** DATA BLOCK **

::::

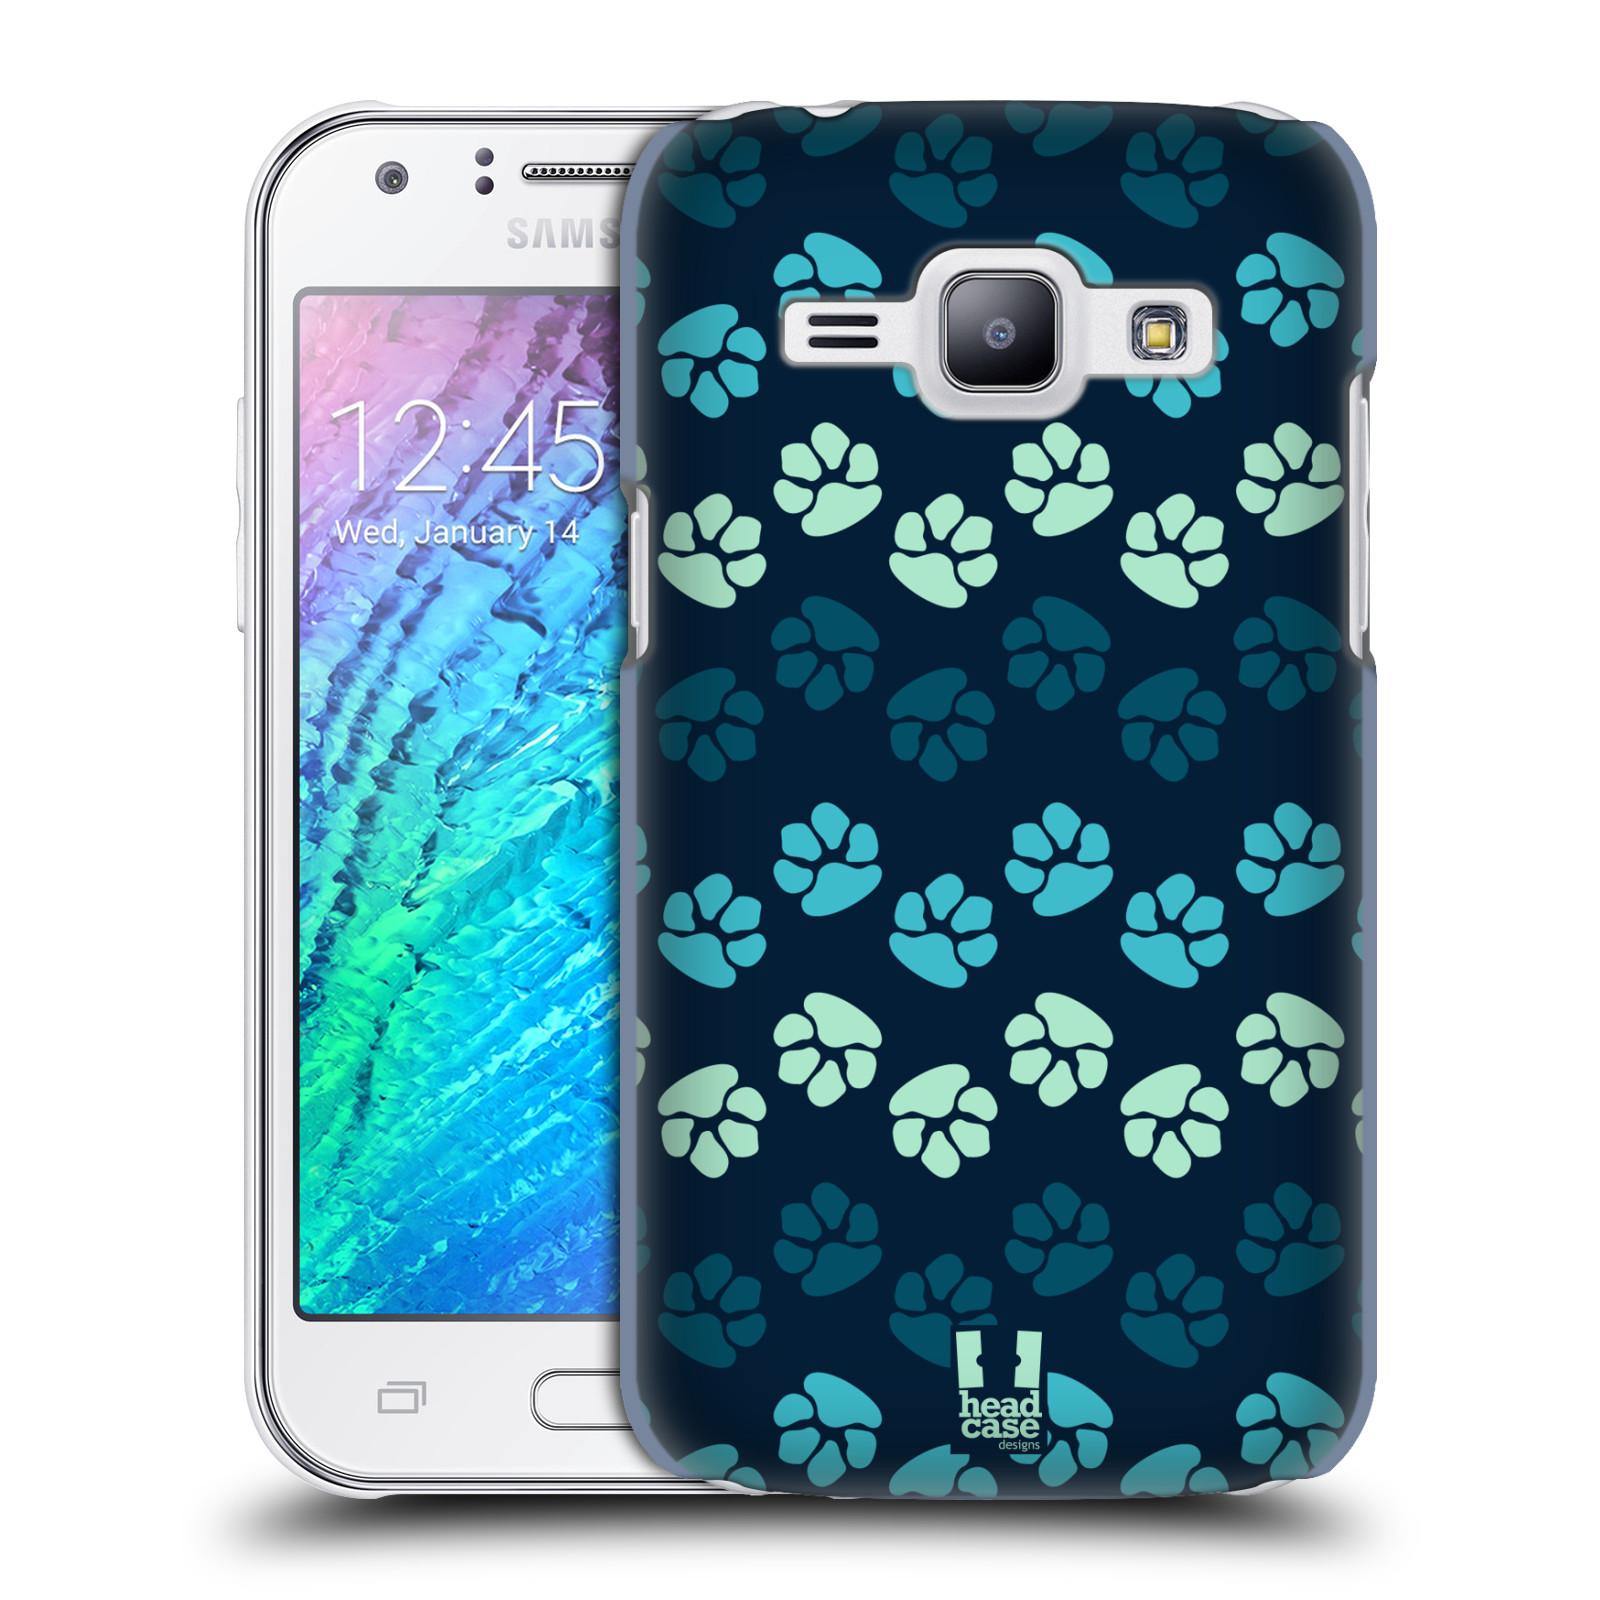 Plastové pouzdro na mobil Samsung Galaxy J1 HEAD CASE TLAPKY MODRÉ (Kryt či obal na mobilní telefon Samsung Galaxy J1 a J1 Duos )
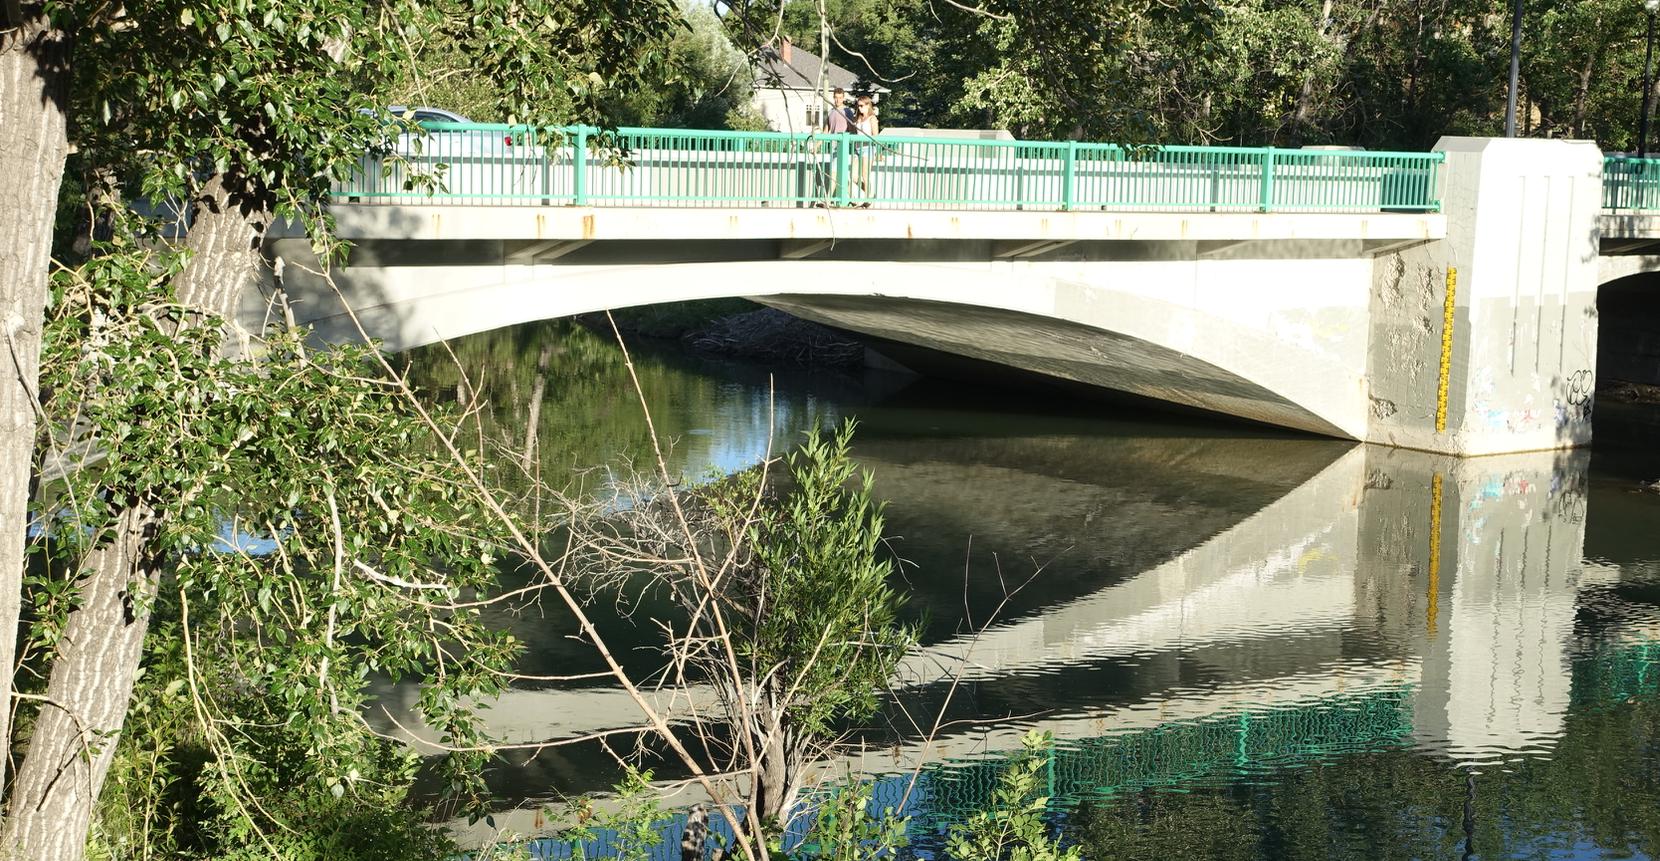 Mission bridge (1915) over the Elbow River
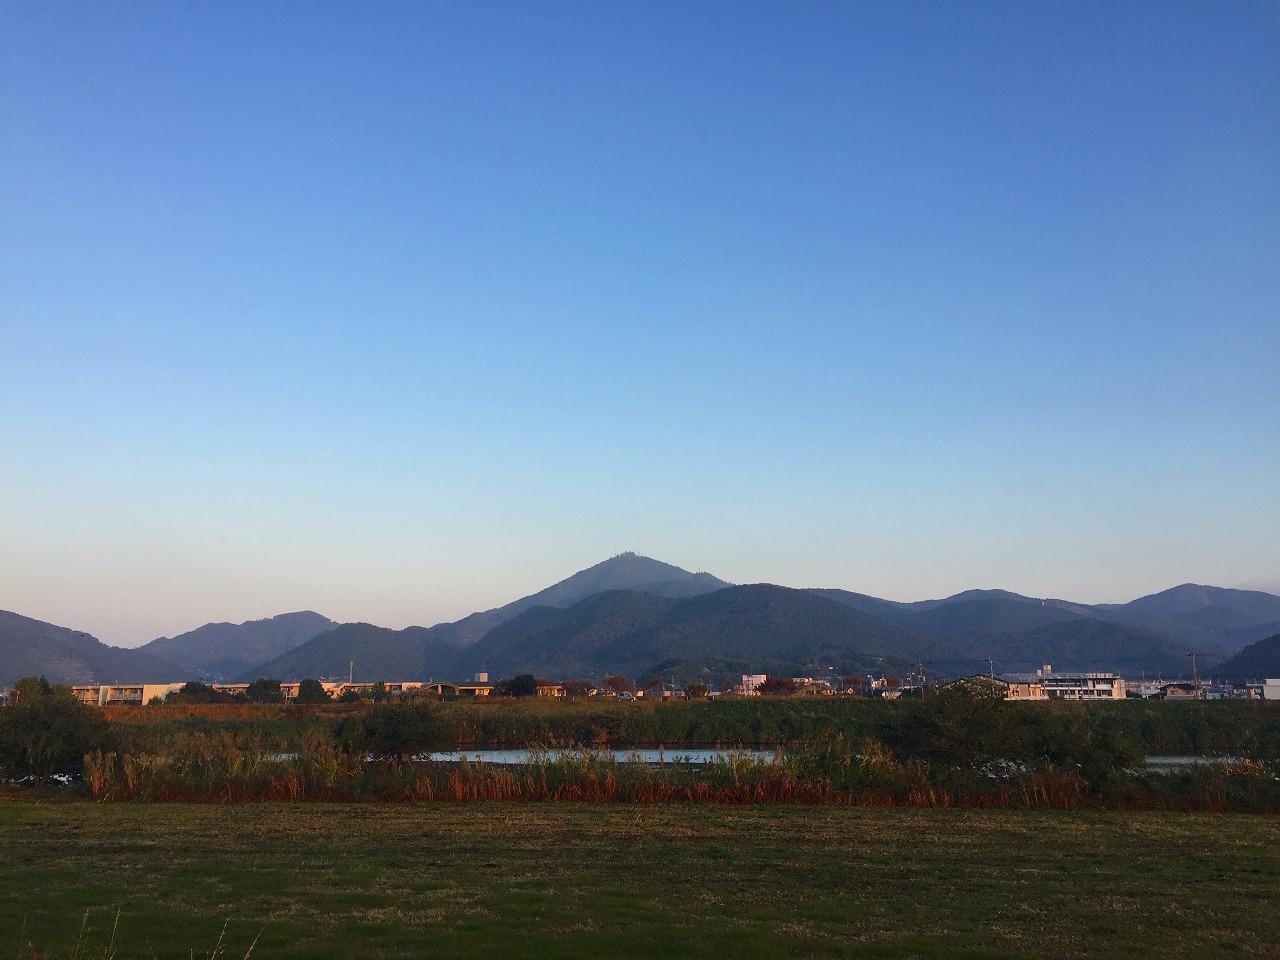 今朝の金峰山 2016.11.9
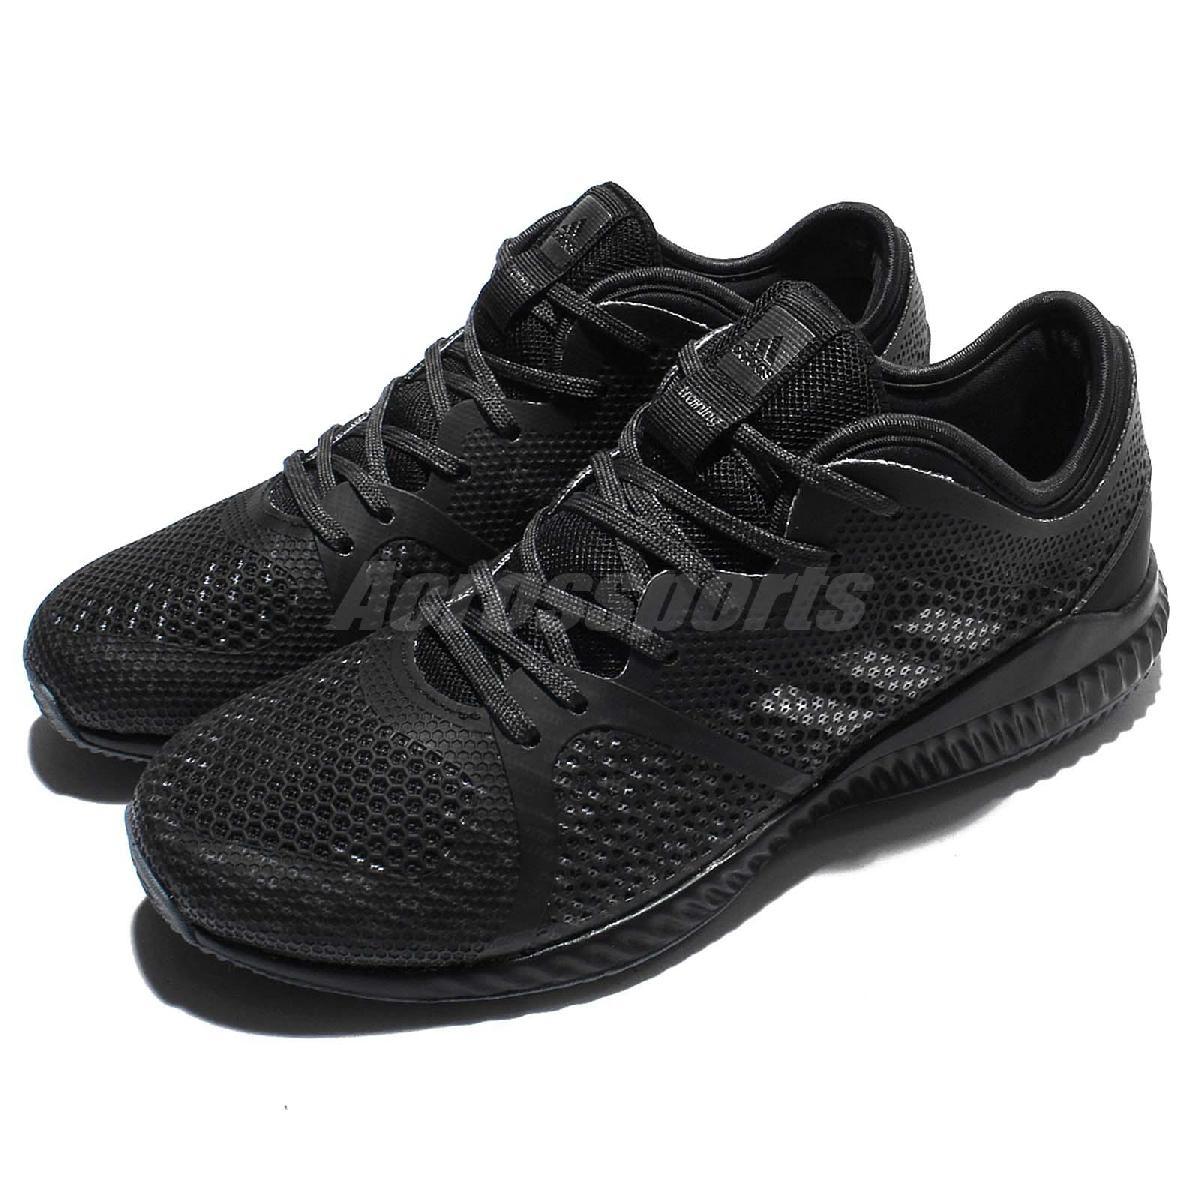 adidas 訓練鞋 CrazyTrain Pro 黑 白 全黑 健身專用 女鞋 運動鞋【PUMP306】 BA9815

::::

** WHAT TO DO **
In the listing, find the line with "Mission bridge (1915) over the Elbow River" and retype exactly from there through the last line, both included, leaving the pictures out.

** FINAL ANSWER **
 Mission bridge (1915) over the Elbow River
 今朝の金峰山 2016.11.9
 adidas 訓練鞋 CrazyTrain Pro 黑 白 全黑 健身專用 女鞋 運動鞋【PUMP306】 BA9815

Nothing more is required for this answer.